> [The data]:
────────────────
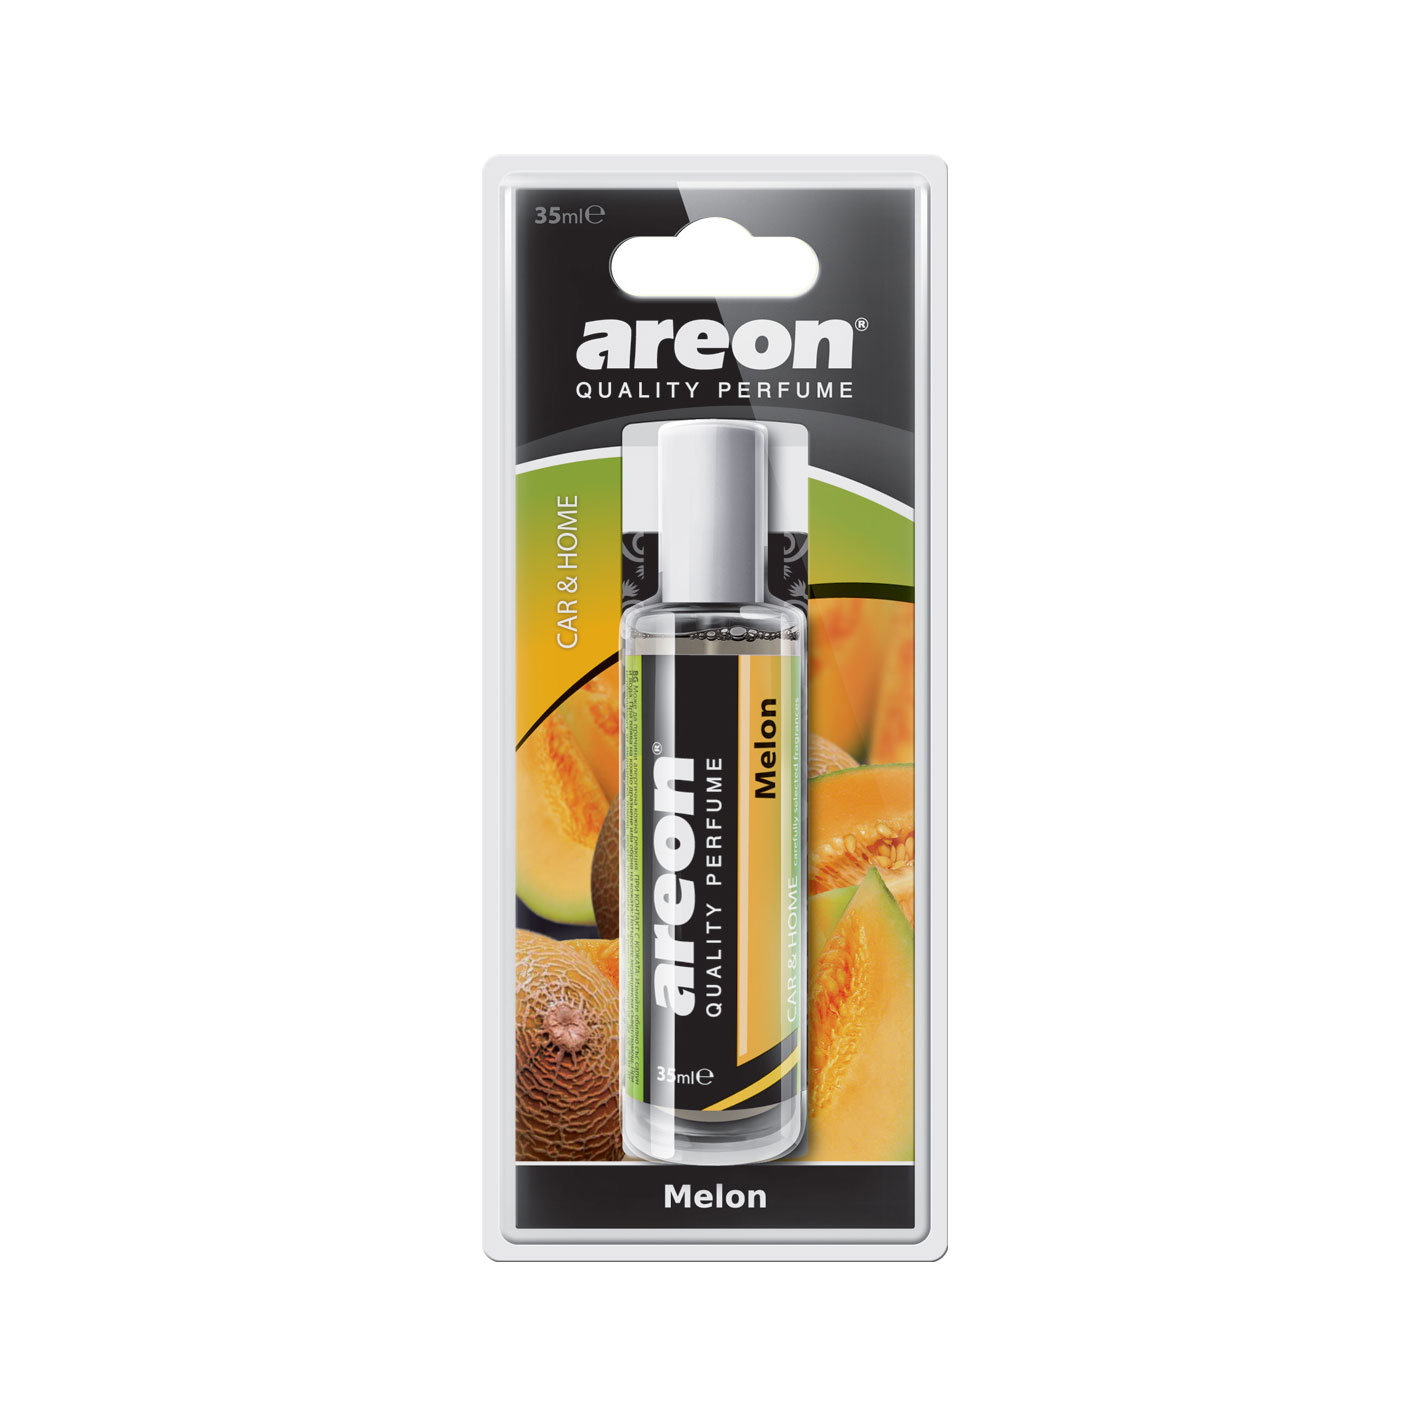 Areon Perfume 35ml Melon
────────────────
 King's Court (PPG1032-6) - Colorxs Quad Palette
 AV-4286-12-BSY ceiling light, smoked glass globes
────────────────
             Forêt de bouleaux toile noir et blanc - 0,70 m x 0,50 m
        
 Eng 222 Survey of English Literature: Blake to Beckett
────────────────
The range runs from the line above containing "King's Court (PPG1032-6)" to the line containing "AV-4286-12-BSY ceiling light, smoked", inclusive. Restate those lines word for word and no others.

 King's Court (PPG1032-6) - Colorxs Quad Palette
 AV-4286-12-BSY ceiling light, smoked glass globes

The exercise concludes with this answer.